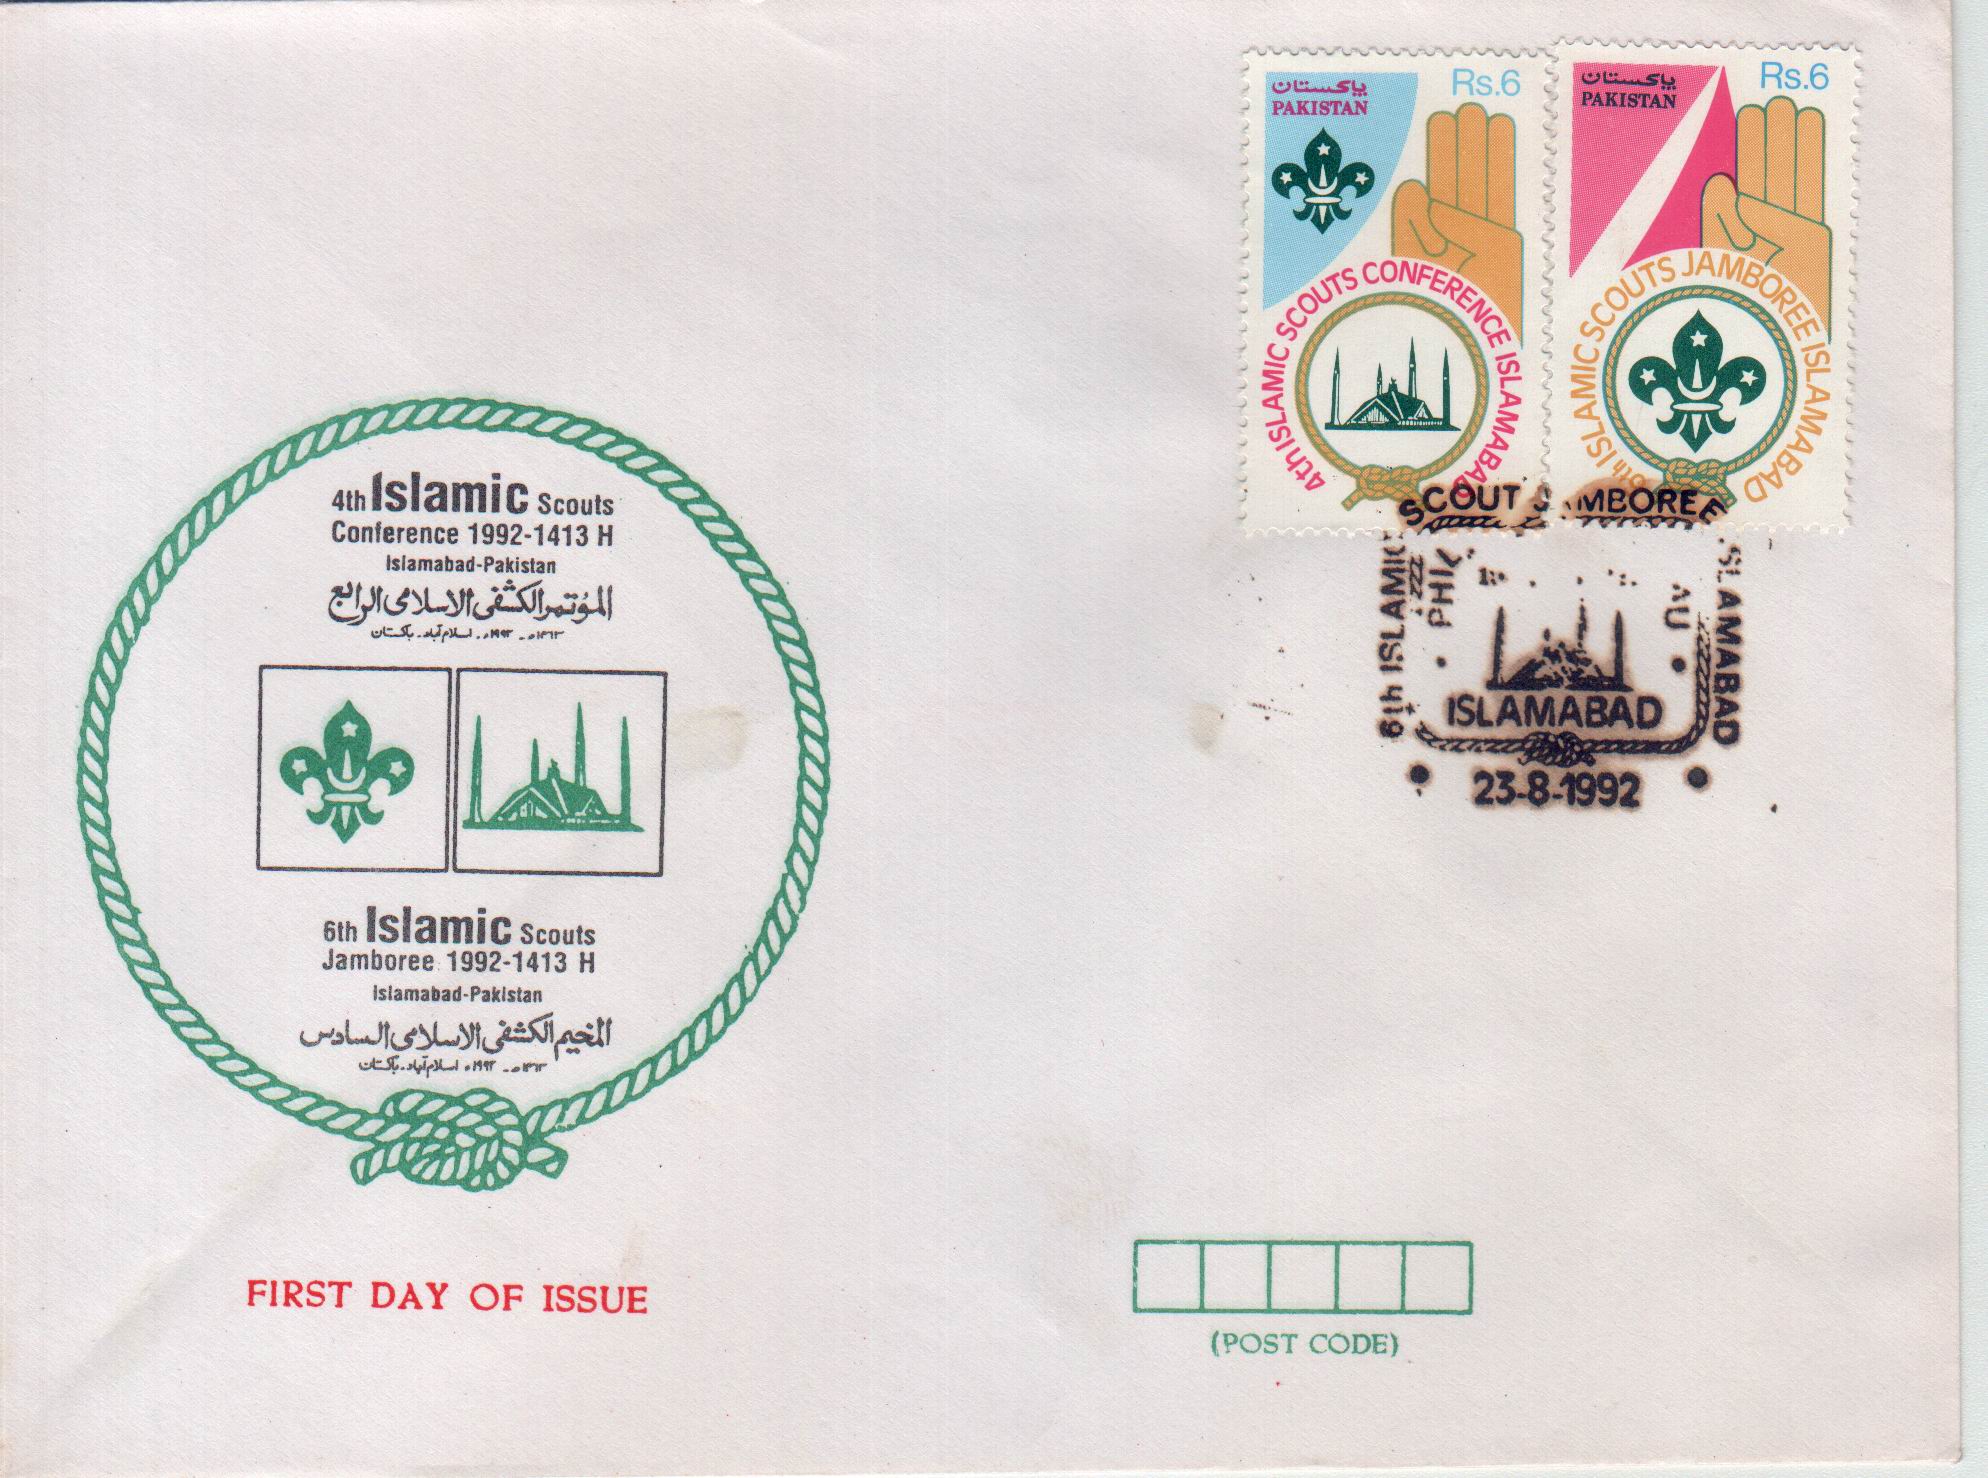 Pakistan Fdc 1992 Brochure & Stamps Islamic Scouts Jamboree - Click Image to Close
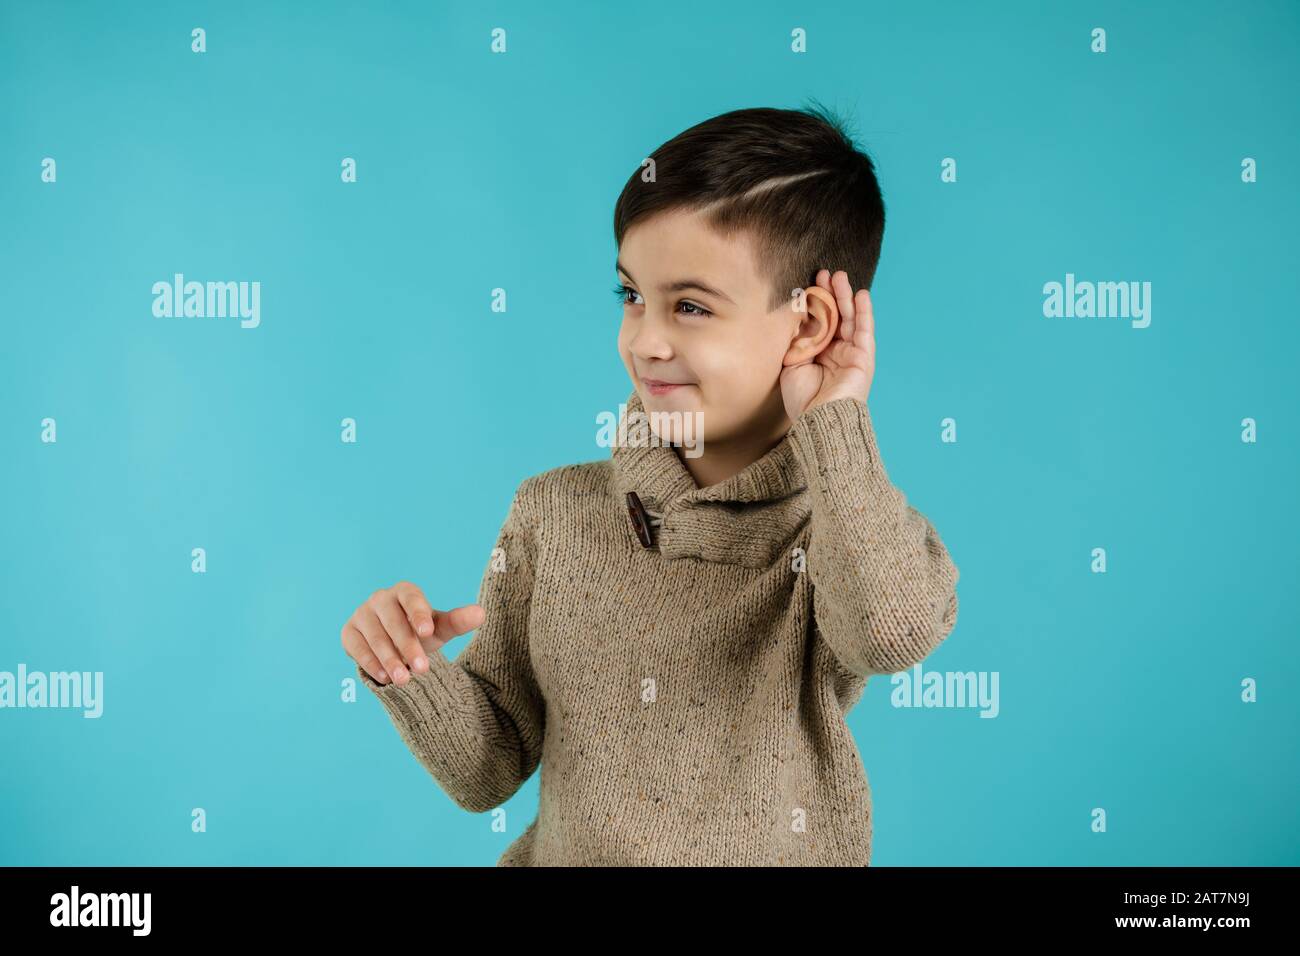 happy little child boy making hearing gesture on blue background. facial expression. kid with hand over ear listening gossip. Stock Photo
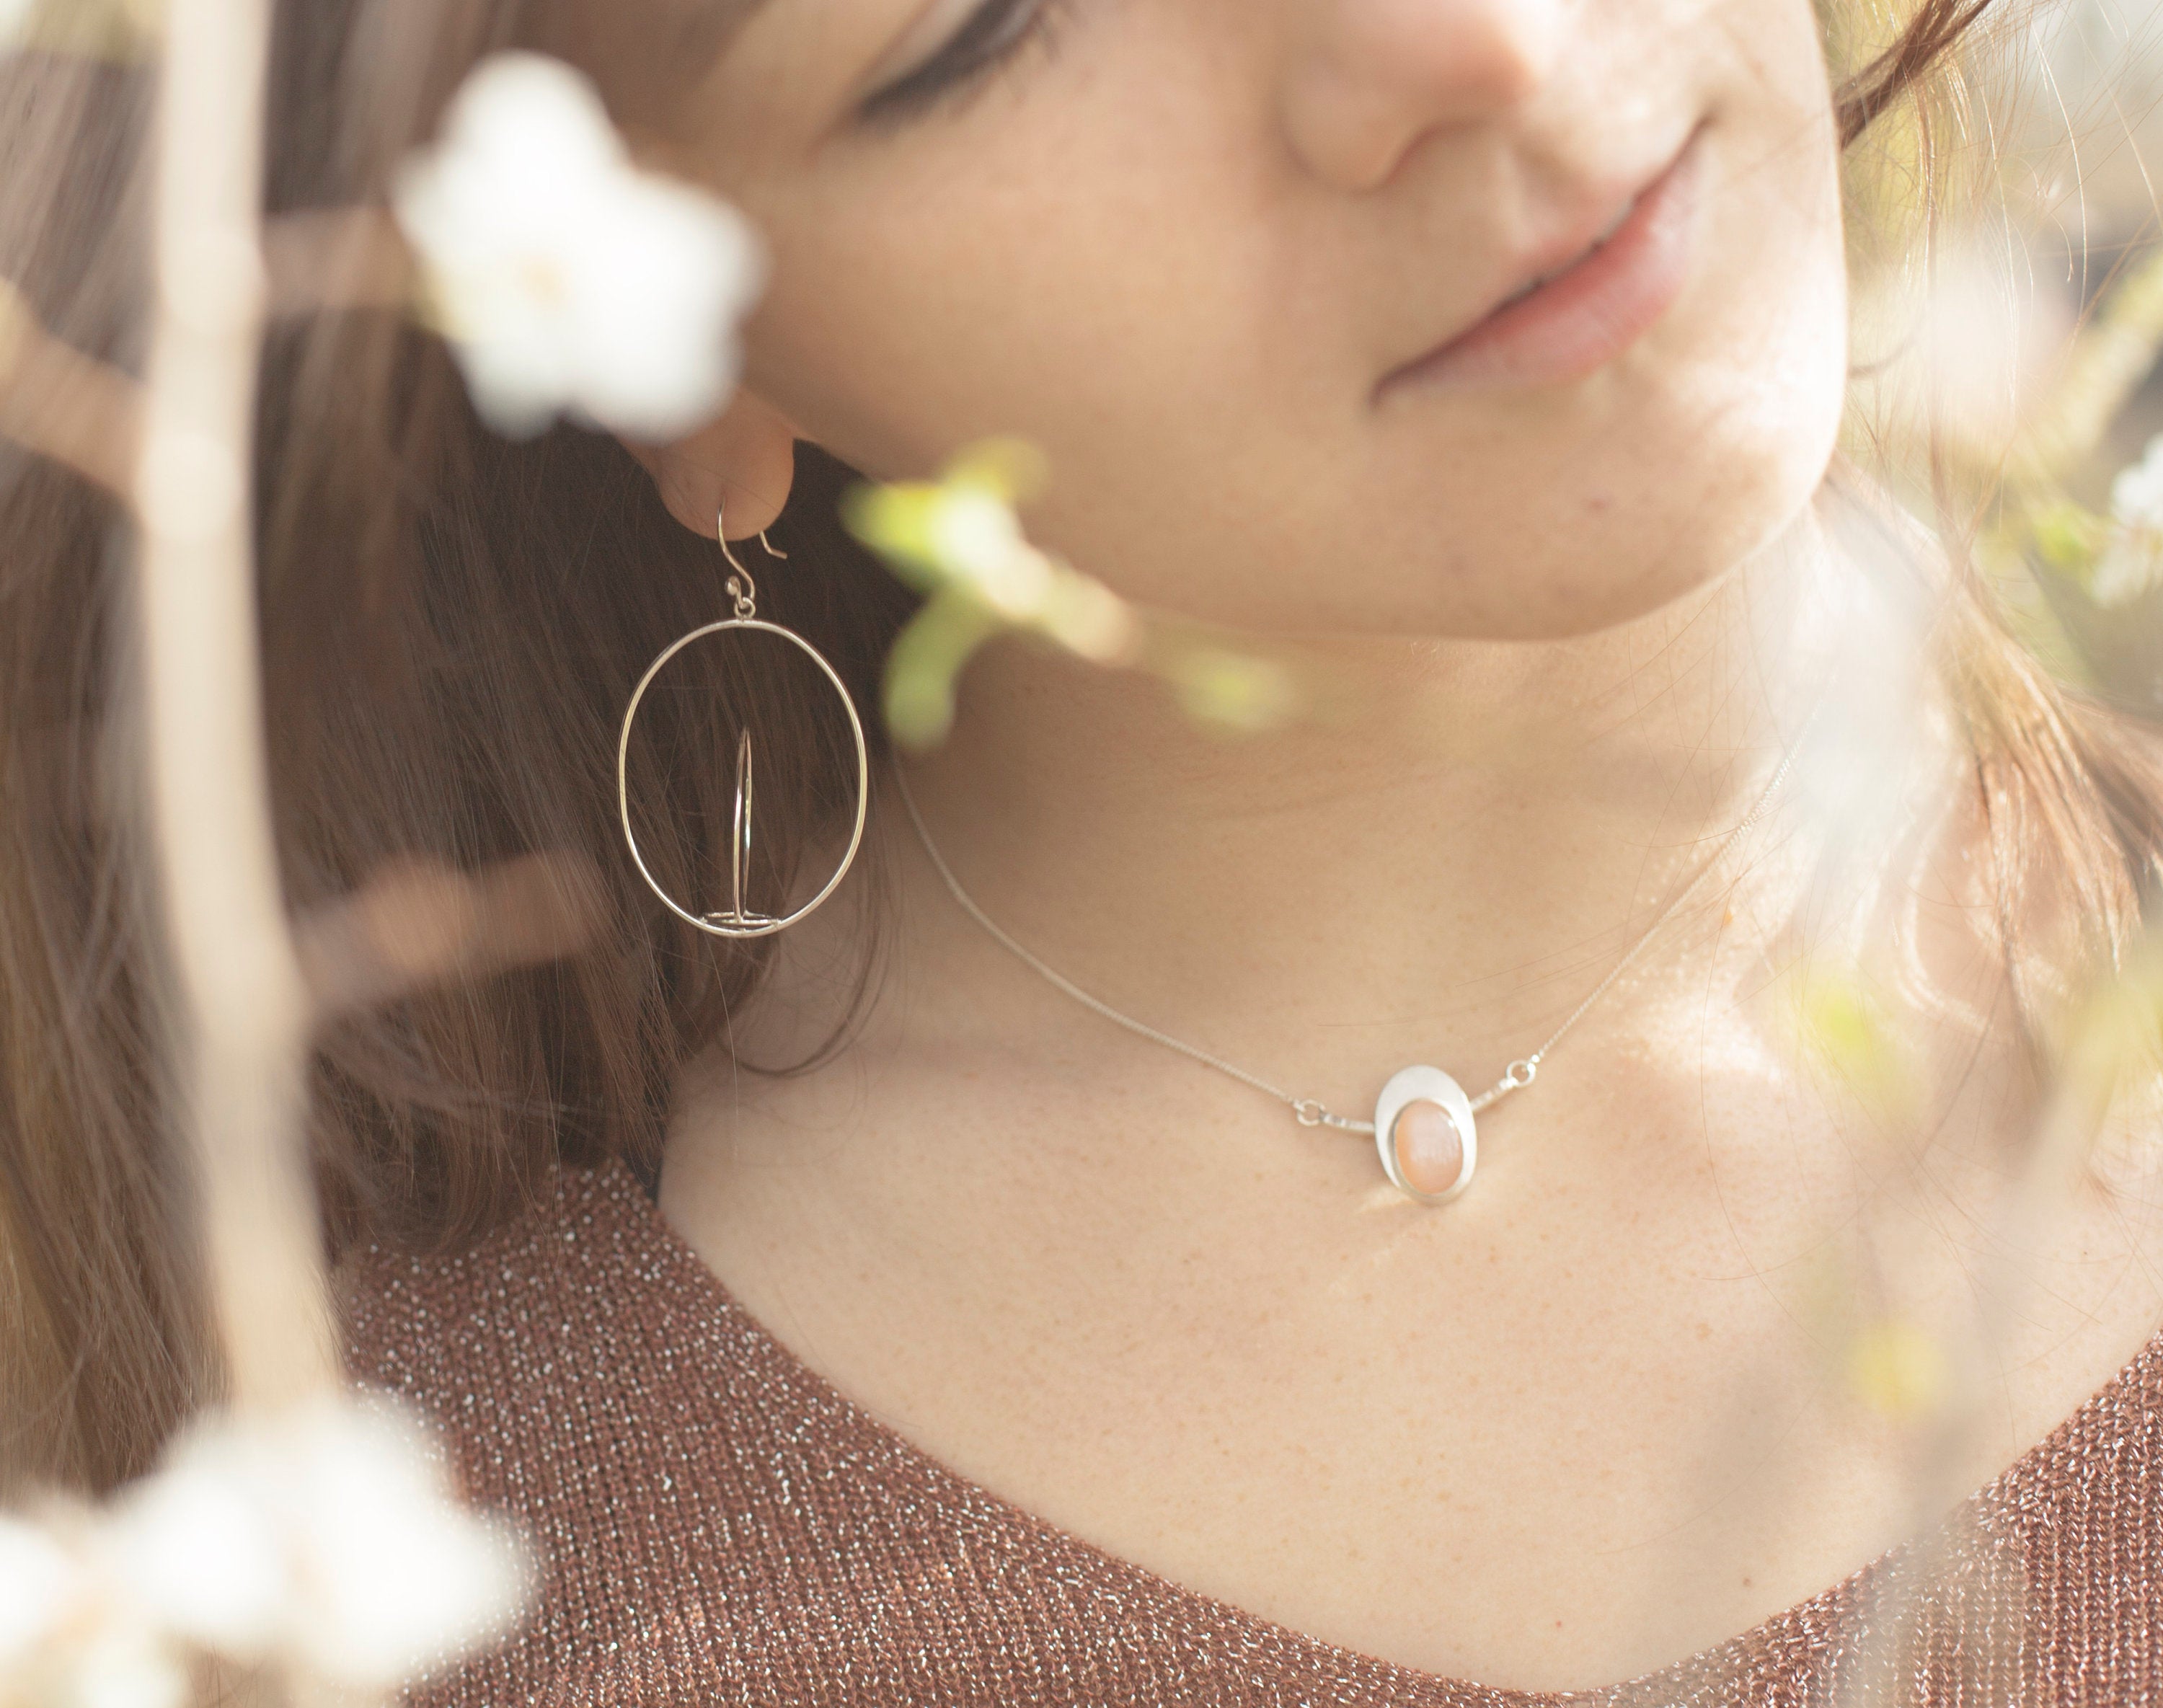 OOAK • Crossing circle earrings : 5 ways to wear them!  (in stock, ready to ship)

» Assignment
Begin at the line containing "happy little child" and stop at the final line of the data. Retype those lines exactly, without the pictures.

» Exercise answer
 happy little child boy making hearing gesture on blue background. facial expression. kid with hand over ear listening gossip. Stock Photo
 OOAK • Crossing circle earrings : 5 ways to wear them!  (in stock, ready to ship)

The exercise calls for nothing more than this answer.